▶ **YOUR INSTRUCTIONS**:
When you transcribe the listing that follows, keep every line exact and skip any picture.

▶ **MATERIAL PROVIDED**:
——

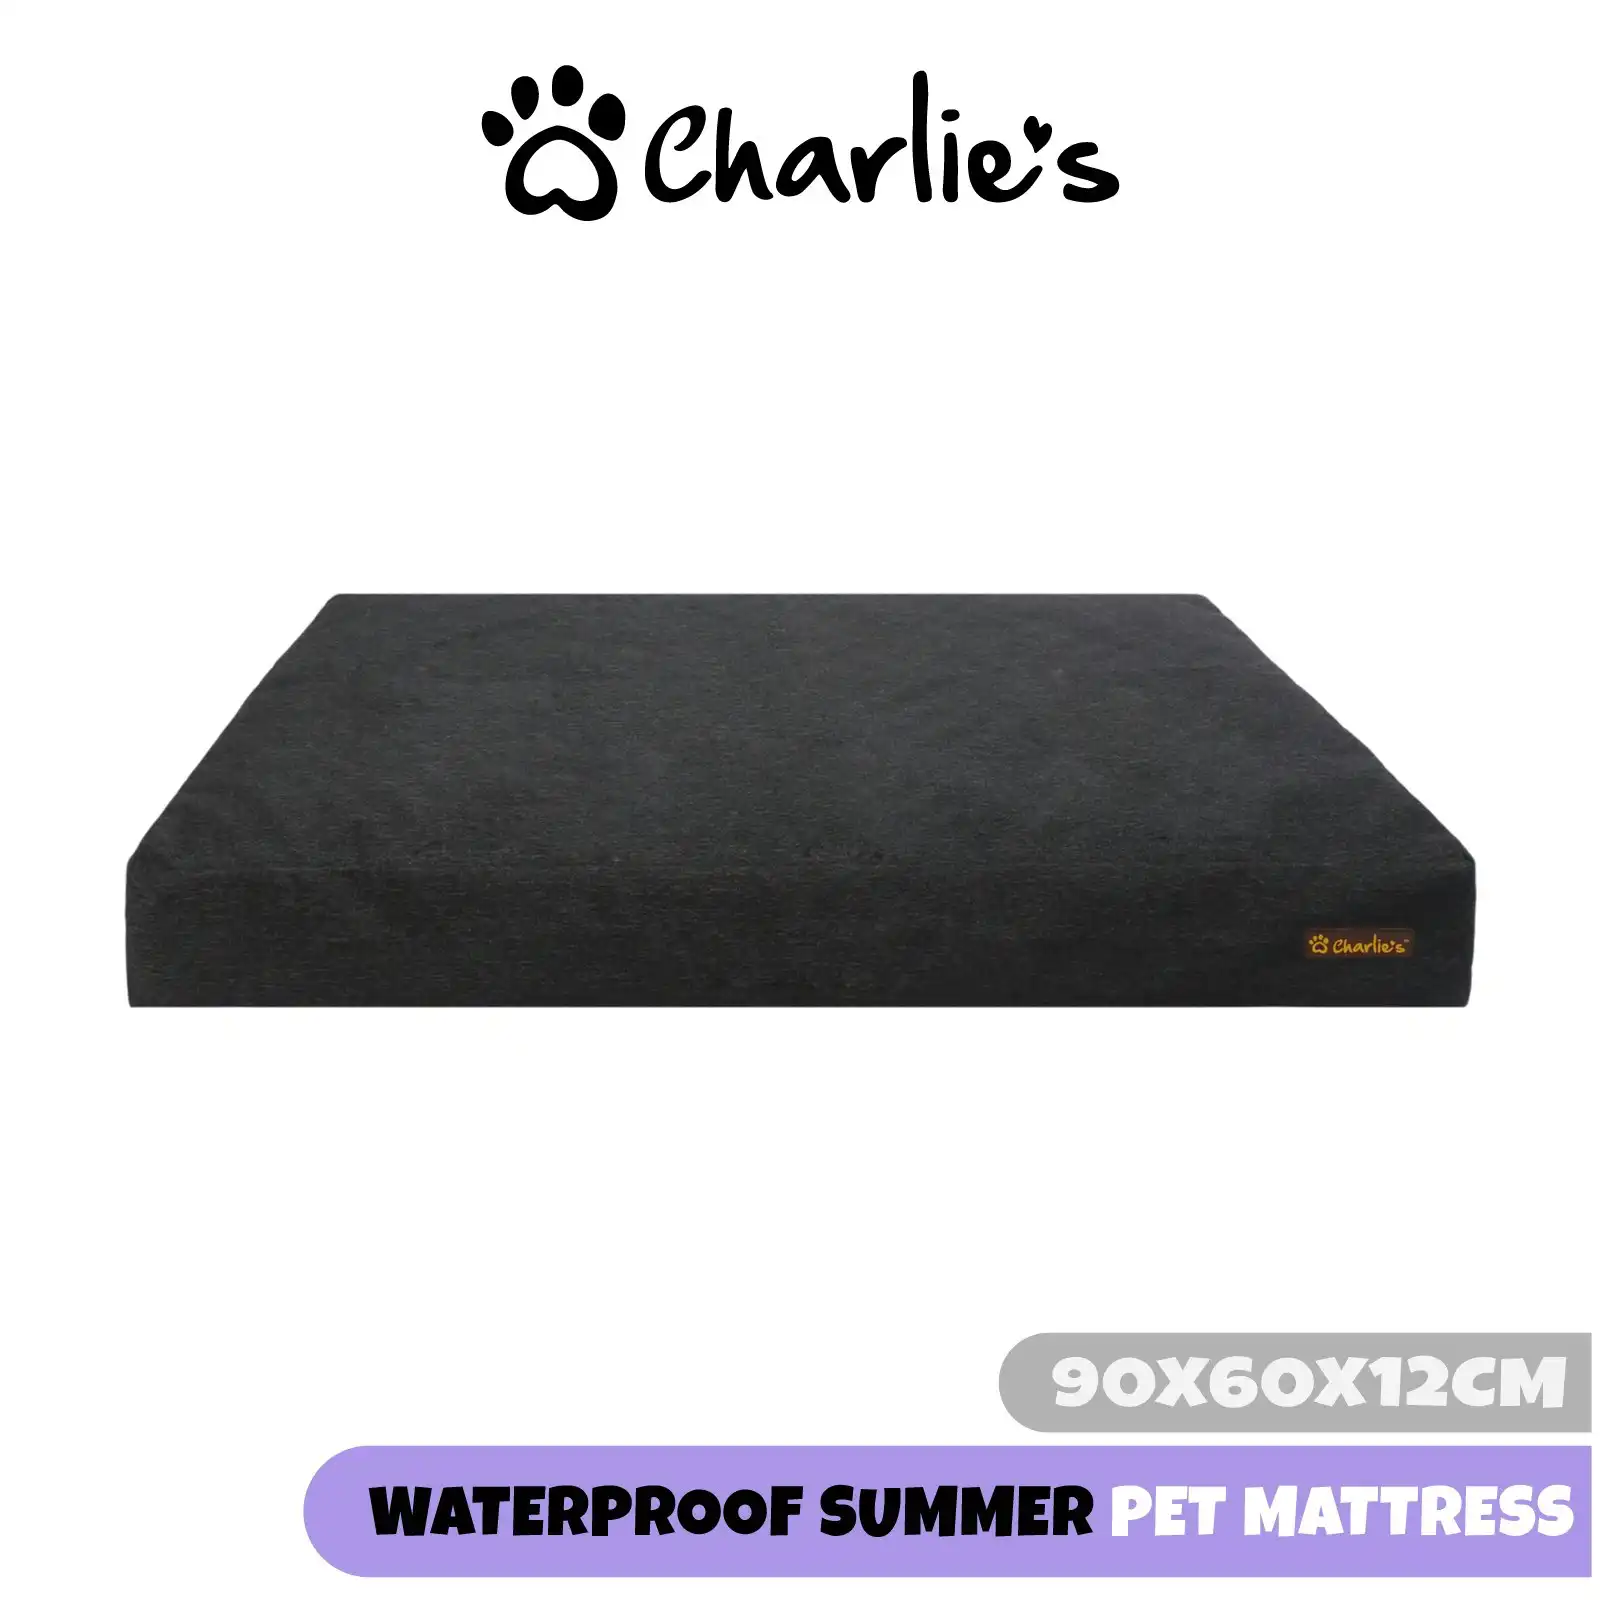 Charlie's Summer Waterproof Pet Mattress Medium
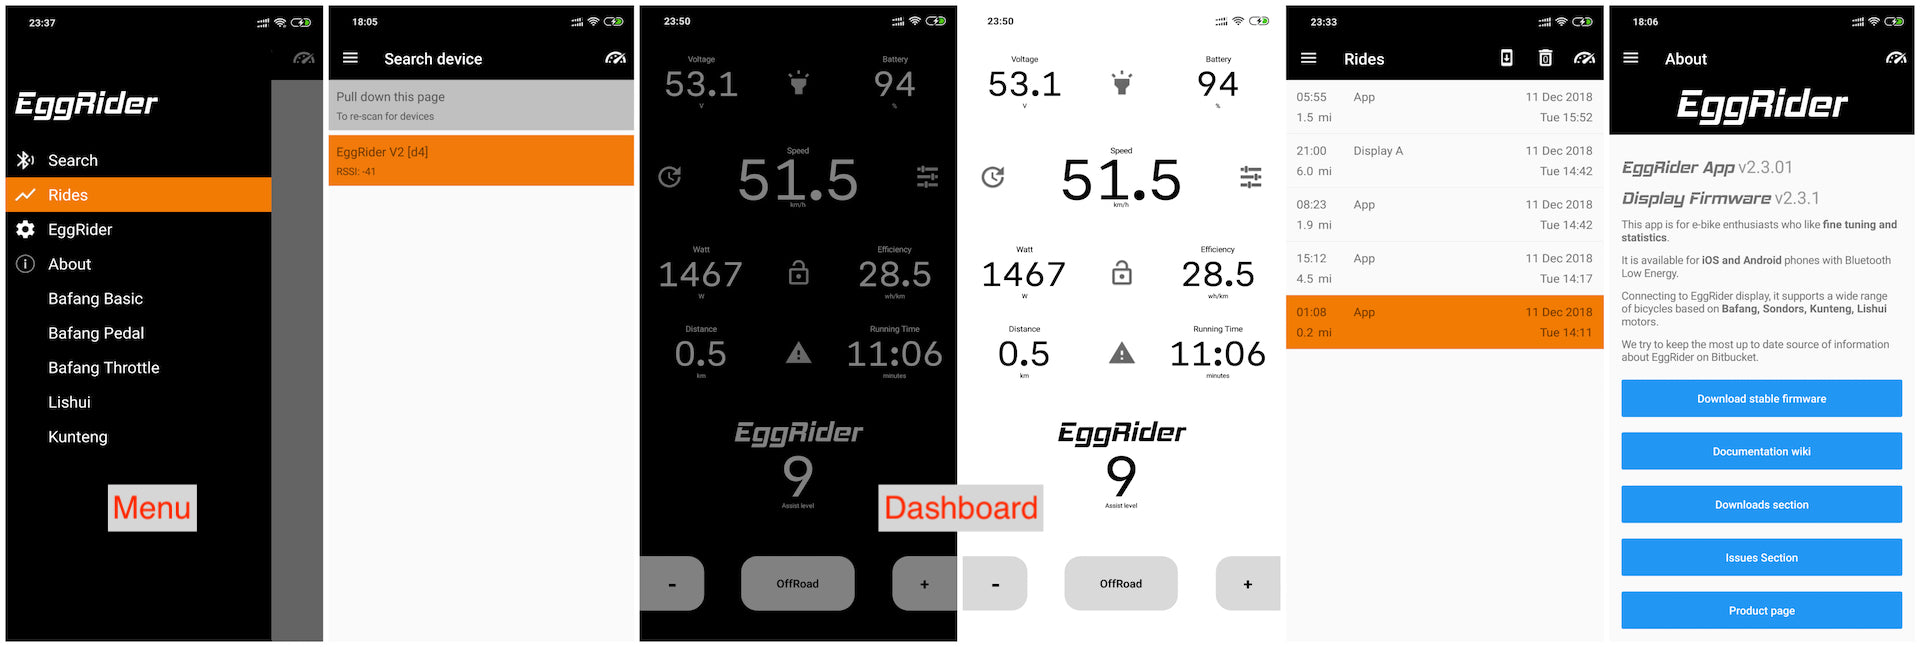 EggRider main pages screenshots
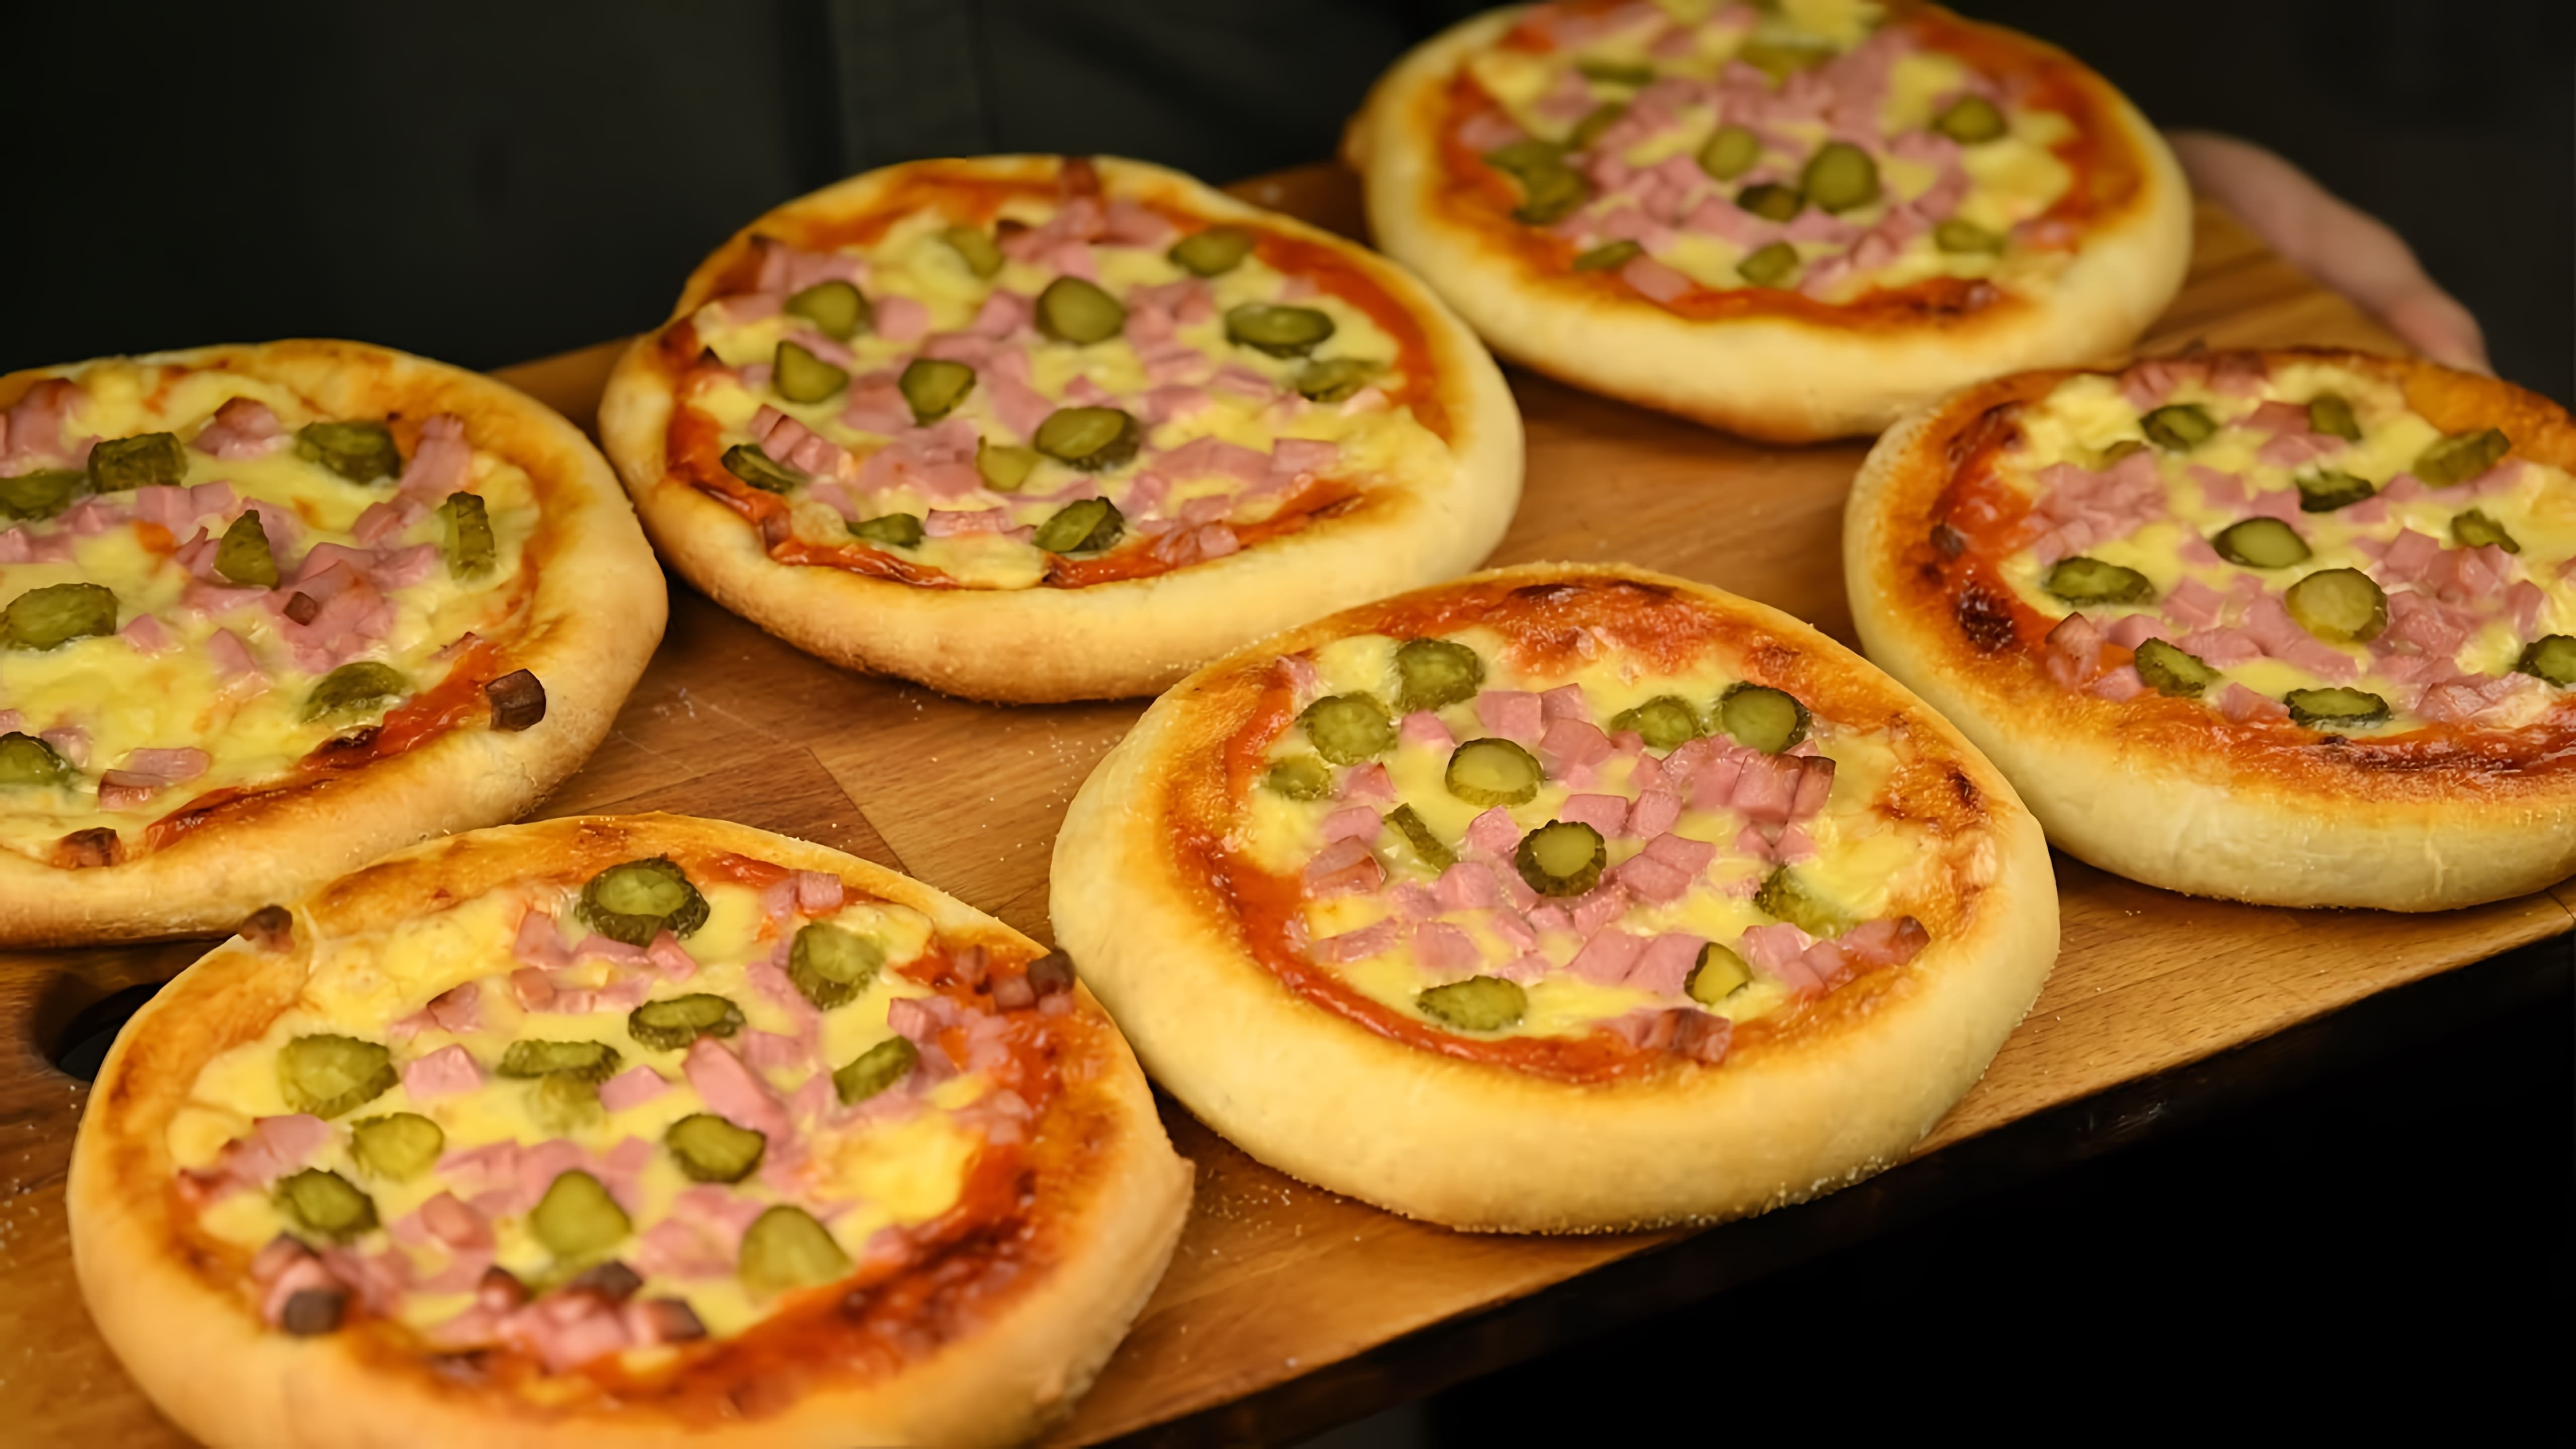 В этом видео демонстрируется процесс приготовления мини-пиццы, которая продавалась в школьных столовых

——

▶ **ANSWER SPACE**:
 Charlie's Summer Waterproof Pet Mattress Medium
 EggRider main pages screenshots
 В этом видео демонстрируется процесс приготовления мини-пиццы, которая продавалась в школьных столовых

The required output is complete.